State-of-the-Art Lecture: Emerging Toxicities Of Hormonal Therapy
Main Category: Urology / NephrologyAlso Included In: Endocrinology
Article Date: 29 Jun 2008 - 1:00 PDT
ORLANDO, FL (UroToday.com) - Dr. Matthew Smith of Harvard University addressed toxicities of hormonal therapy. Initiating ADT for men with CaP brings challenges. Many have indolent disease and co-morbid conditions and there is inadequate information about benefits.
Initial use of DES was abandoned when the two-fold increase in thromboembolic events were noted. He said we must still assess present GnRH agonists use for any toxicities as well. For most men CaP is indolent. GnRH agonists use has increased to include one-third of men with CaP. GnRH agonist use results in fatigue, anemia, osteoporosis, decreased libido and vasomotor flushing.

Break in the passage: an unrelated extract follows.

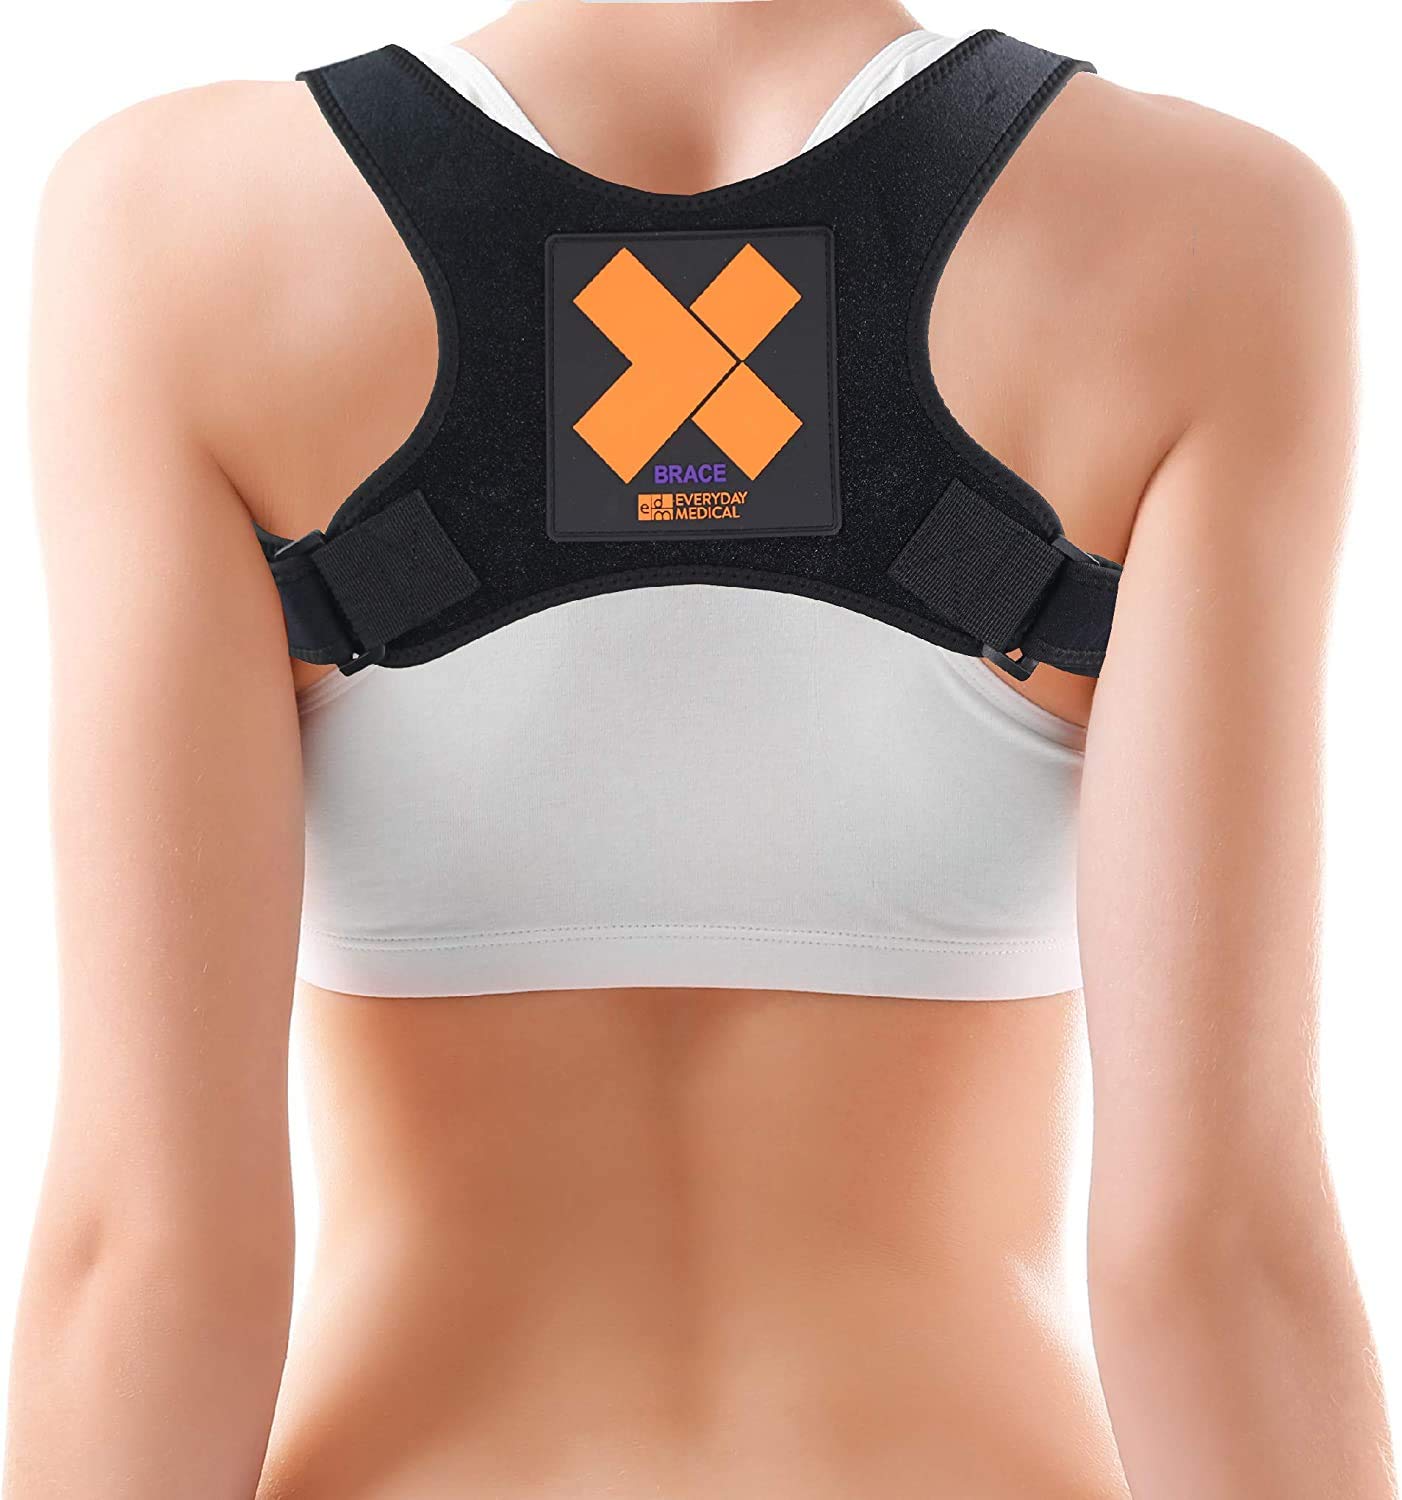 X Brace I Posture Corrector Back Brace for Men and Women by

In this talk he addressed obesity. It has a prevalence of 32% in the US. GnRH agonists decrease muscle mass by 4% and increase fat mass by 10% in one of his studies. This resulted in a 3kg increase in fat mass over one year. This fat mass increase is primarily subcutaneous. This also relates to increases in total cholesterol and triglycerides. HDL cholesterol also increases and thus may have a neutral alteration in risk. Insulin sensitivity during GnRH agonists therapy was altered with insulin resistance noted after 12 weeks of treatment. This is an independent risk for cardiovascular disease. The metabolic syndrome is a specifically defined syndrome and has 5 components. It was noted that there is a greater prevalence of metabolic syndrome in men on GnRH agonists. However, in contrast to the metabolic syndrome the fat increase is subcutaneous with GnRH agonist patients as opposed to visceral fat in the metabolic syndrome.
He conducted a SEER data study of GnRH agonists, diabetes and CV disease. It included 73,000 Medicare patients. One-third received a GnRH agonist and 7% had bilateral orchiectomy. The adjusted HR's supported GnRH agonist exposure as increased risk for DM, CAD, MI, and sudden death. This was confirmed by a second study. A CaPSURE study showed a 6% vs. 2% increased risk of CV deaths in men treated with radical prostatectomy plus GnRH agonists vs. RP alone, respectively. However, several other studies did not demonstrate a definitive link, so this needs further clarification.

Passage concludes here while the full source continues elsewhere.